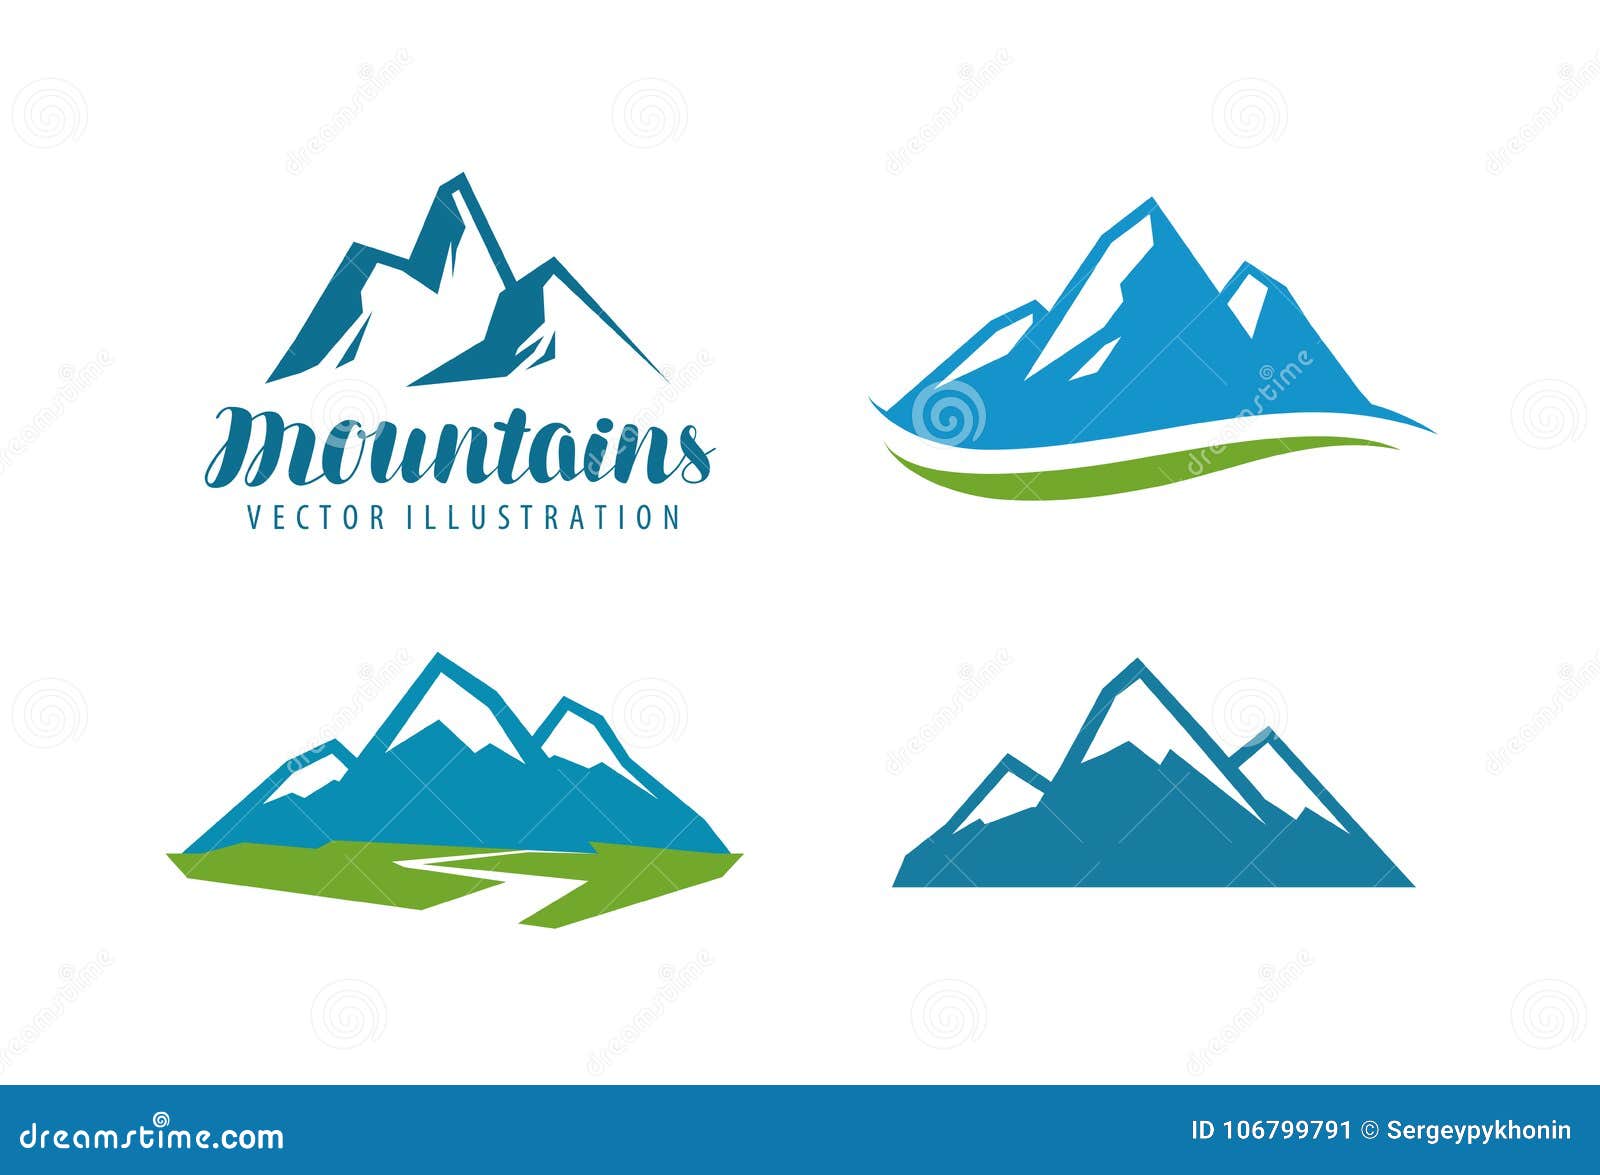 mountains, rock logo or label. mountaineering, climbing, alpinism icon.  
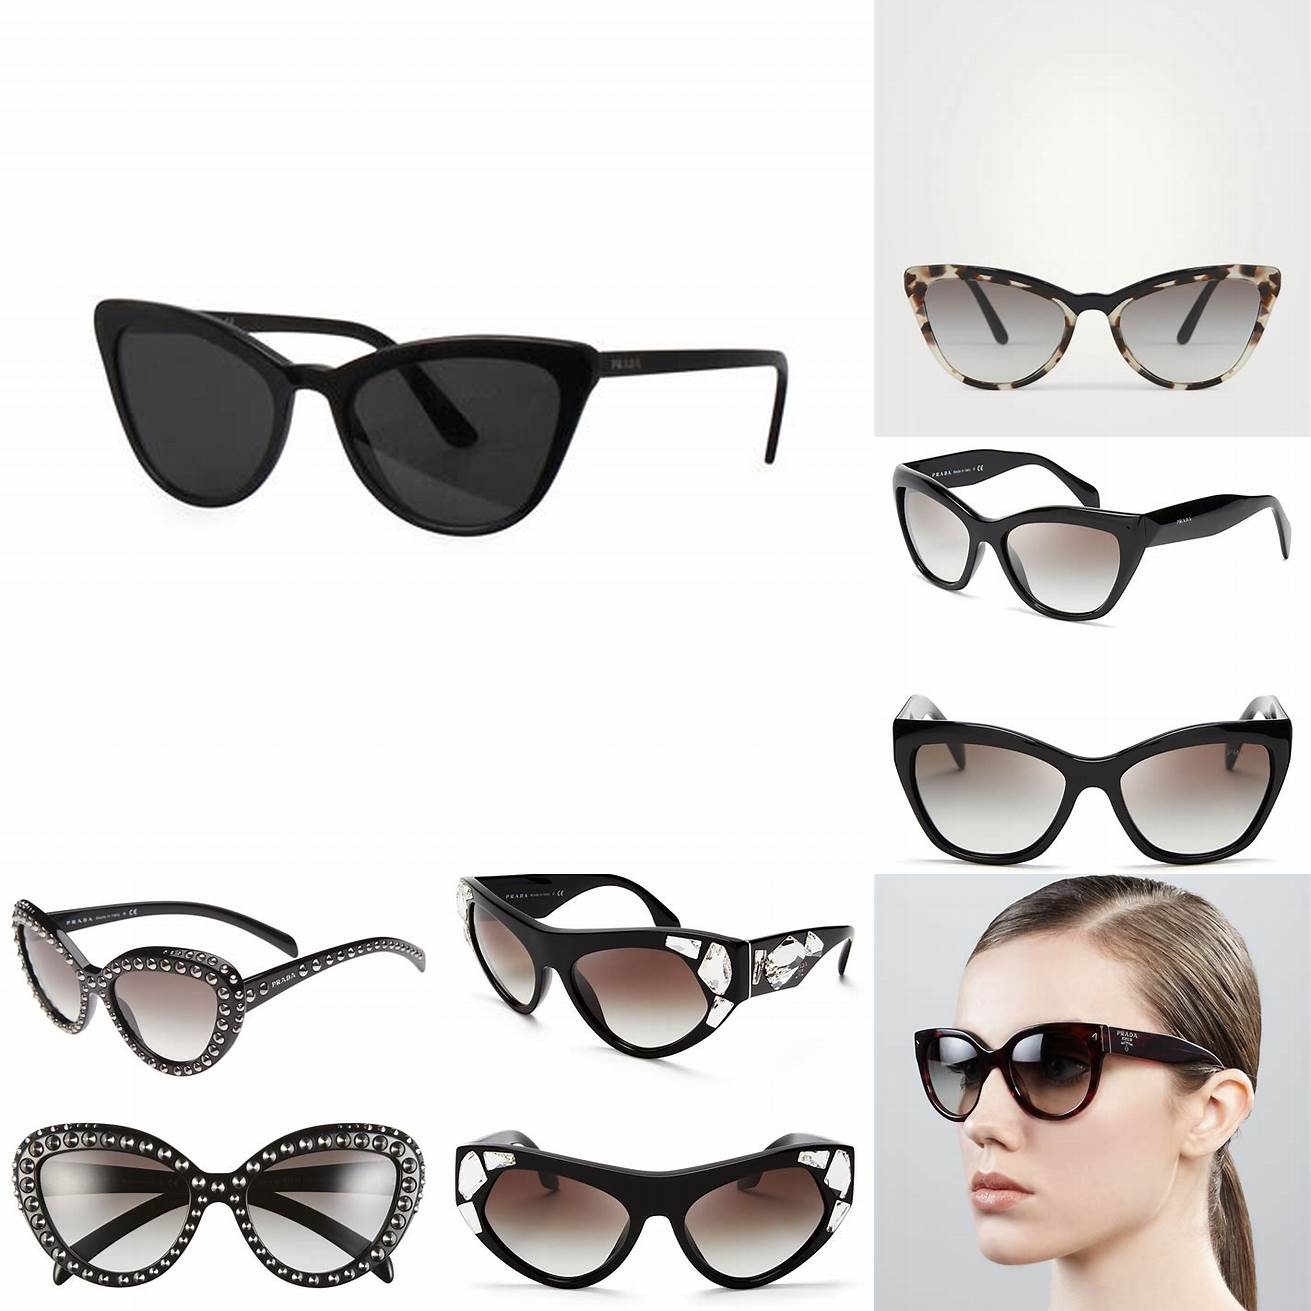 Q Can cat eye Prada sunglasses be worn during the winter
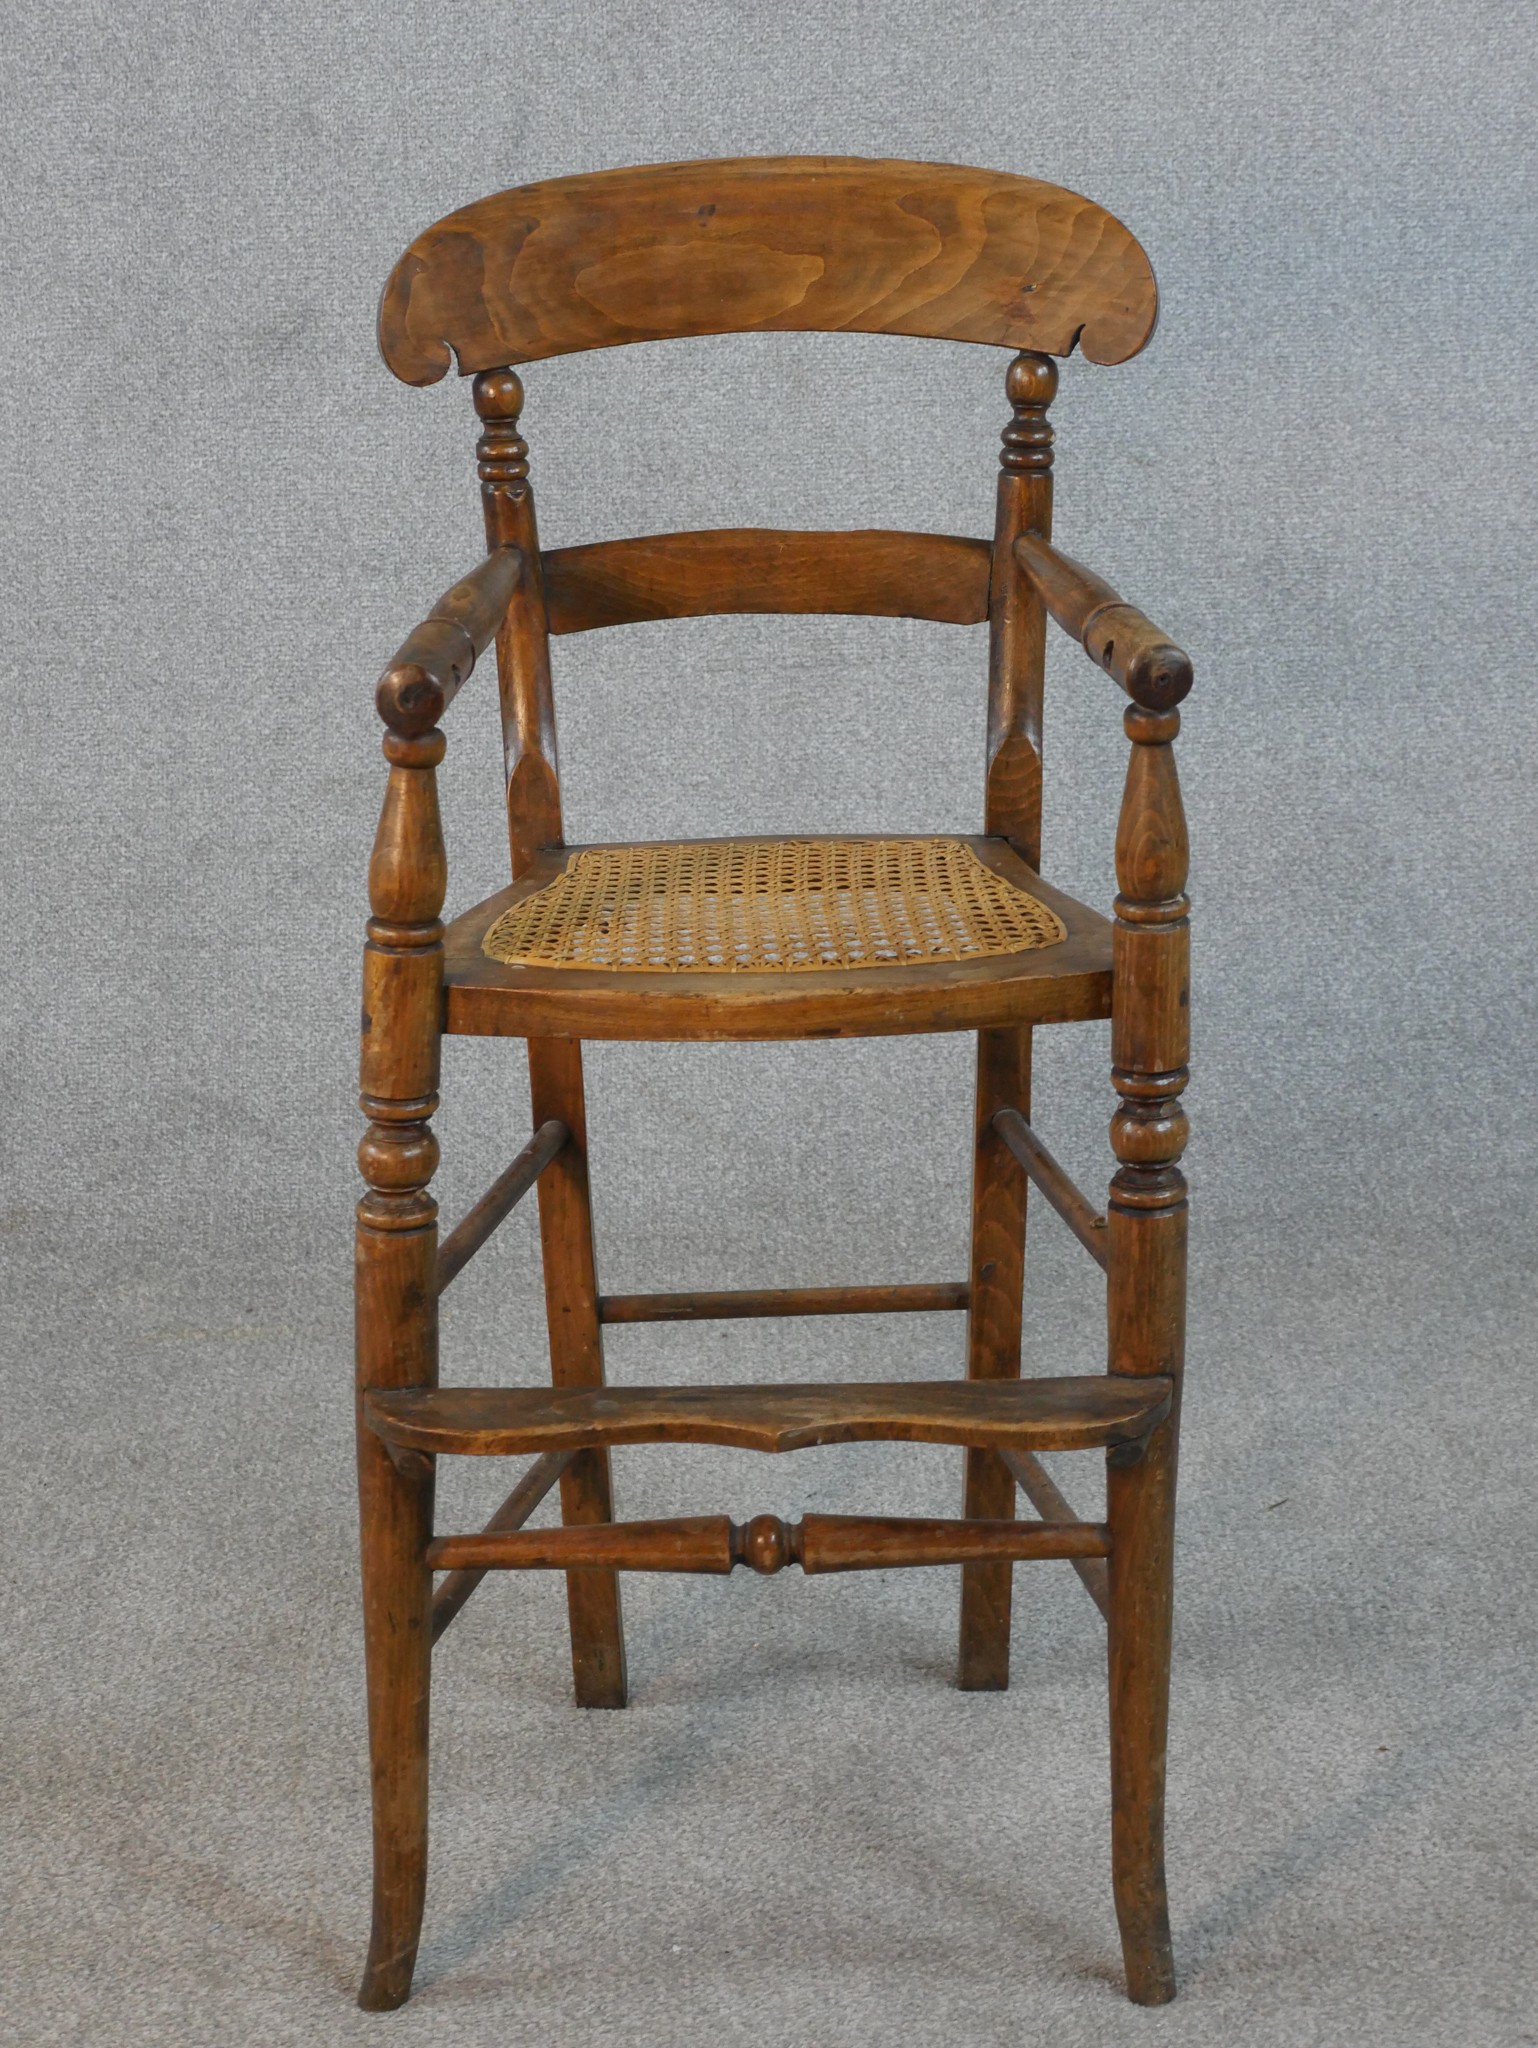 A 19th century beech child's high chair.

|---|

Reproduce the listing exactly, but omit every picture in it.

§ Answer to this task:
 mountains, rock logo or label. mountaineering, climbing, alpinism icon.  
 Q Can cat eye Prada sunglasses be worn during the winter
 A 19th century beech child's high chair.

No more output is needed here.